A way of classifying the economic growth of countries is to divide them into three groups: (a) industrialized, (b) developing, and (c) less-developed nations. The industrialized nations are generally considered to be the United States, Japan, Canada, Russia, Australia, and most of Western Europe The economies of these nations are characterized by private enterprise and a consumer orientation. They have high literacy, modem technology, and higher per capita incomes.

Developing nations are those that are making the transition from economies based on agricultural and raw materials production to industrial economies. Many Latin American nations fit into this category, and they exhibit rising levels of education, technology, and per capita incomes,

Finally, there are many less developed nations in today's world. These nations have low standards of living, literacy rates are low, and technology is very limited.

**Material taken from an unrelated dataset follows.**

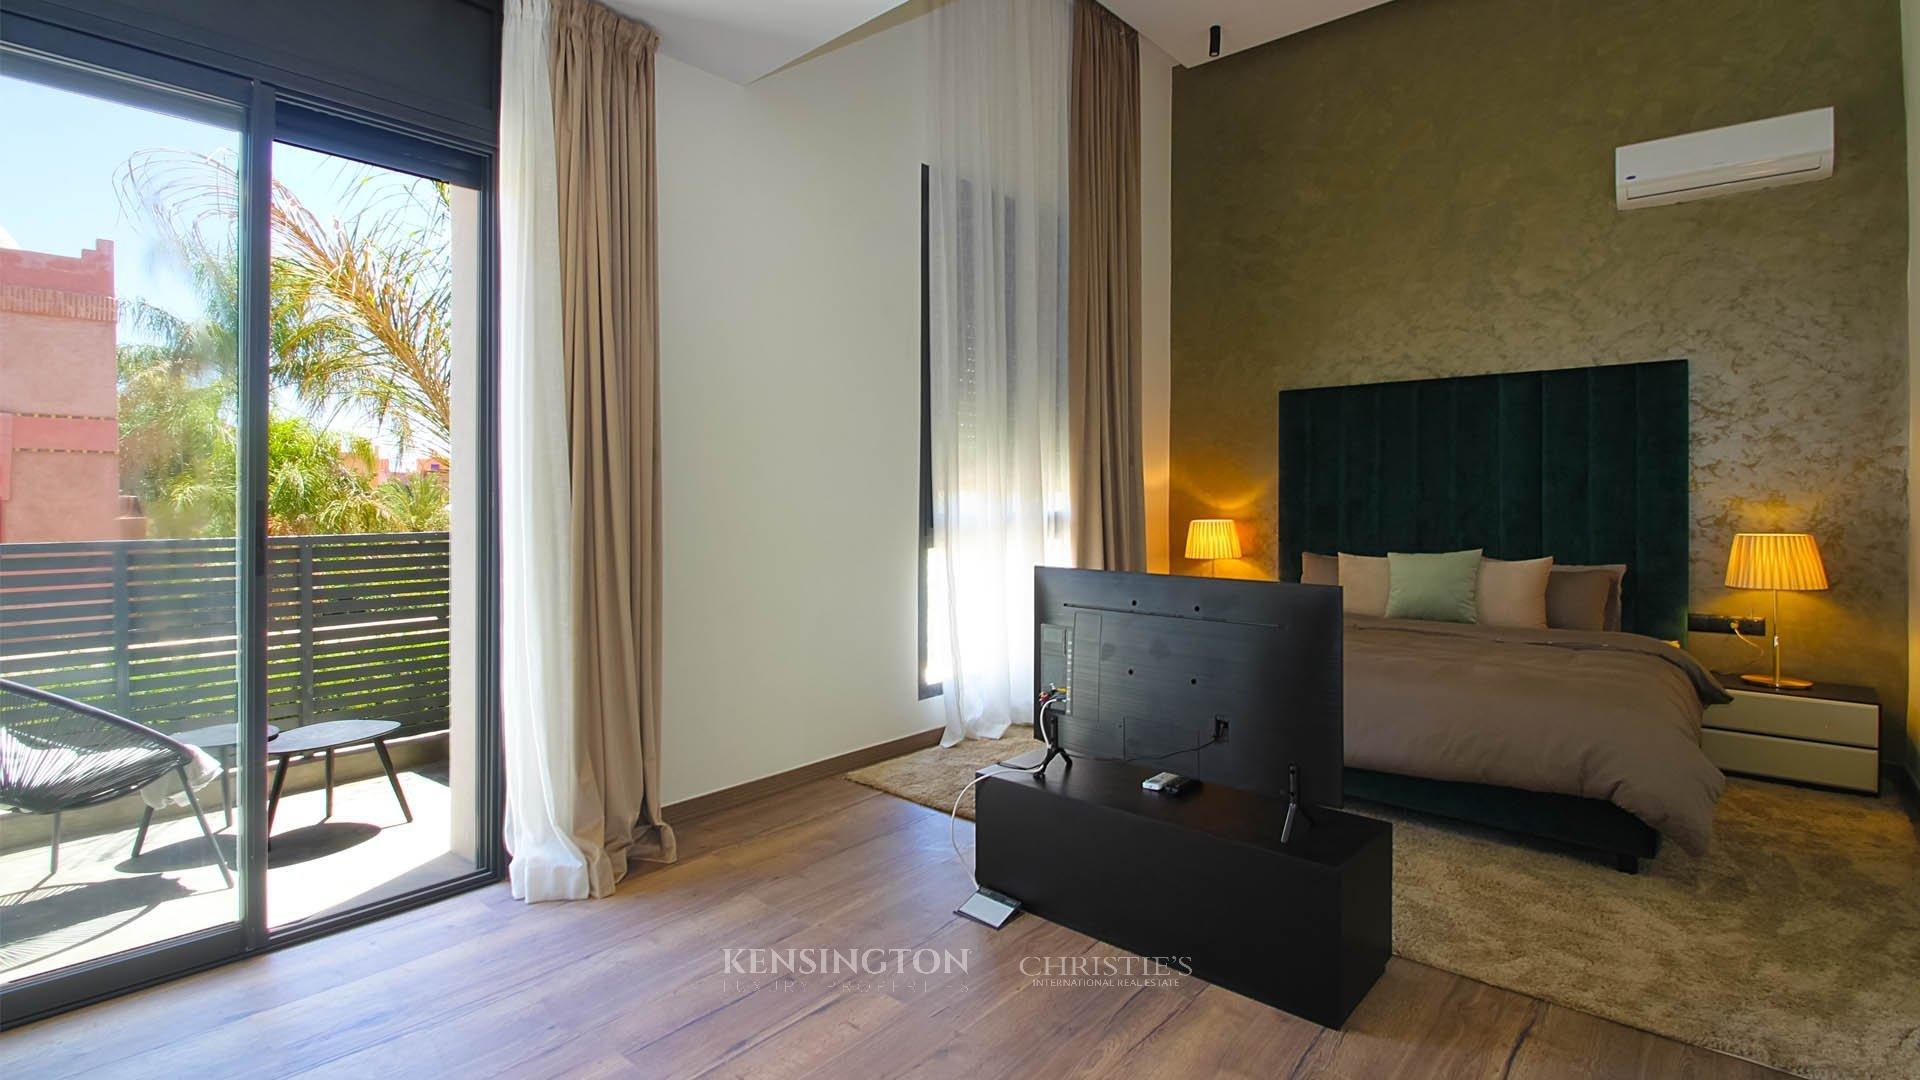 KPPM01235: Villa Sara Luxury Villa Marrakech Morocco

Usually, the most significant marketing opportunities exist among the industrialized nations, as they have high levels of income, one of the necessary ingredients for the formation of markets. However, most industrialized nations also have stable population bases, and market saturation for many products already existing. The developing nations, on the other hand, have growing population bases, and although they currently import limited goods and services, the long-run potential for growth in these nations exists. Dependent societies seek products that satisfy basic needs-food, clothing, housing, medical care, and education. Marketers in such nations must be educators, emphasizing information in their market programs. As the degree of economic development increases, so does the sophistication of the marketing effort focused on the countries.

The competitive environment

Entering an international market is similar to doing so in a domestic market, in that a firm seeks to gain a differential advantage by investing resources in that market. Often local firms will adopt imitation strategies, sometimes successfully. When they are successful, their own nation's economy receives a good boost. When they are not successful, the multinational firm often buys them out.

Japanese marketers have developed an approach to managing product costs that has given them a competitive advantage over US competitors. A typical American company will design a new product, then calculate the cost. If the estimated cost is too high, the product will be taken back to the drawing board. In Japan, a company typically starts with a target cost based on the price that it estimates the market is most willing to accept. Product designers and engineers are then directed to meet the cost target. This approach also encourages managers to worry less about product costs and more about the role it should play in gaining market share. Briefly, at Japanese companies like NEC, Nissan, Sharp, and Toyota, a team charged with bringing a product idea to market estimates the price at which the product is most likely to appeal to the market. From this first important judgment, all else follows. After deducting the required profit margin from the selling price, planners develop estimates of each element that make up the product's cost: engineering, manufacturing sales, and marketing. US firms tend to build products, figure how much it costs to build the product, and then ask whether the product can be sold at a profitable price. US companies tend not to assess what the market will be willing to pay.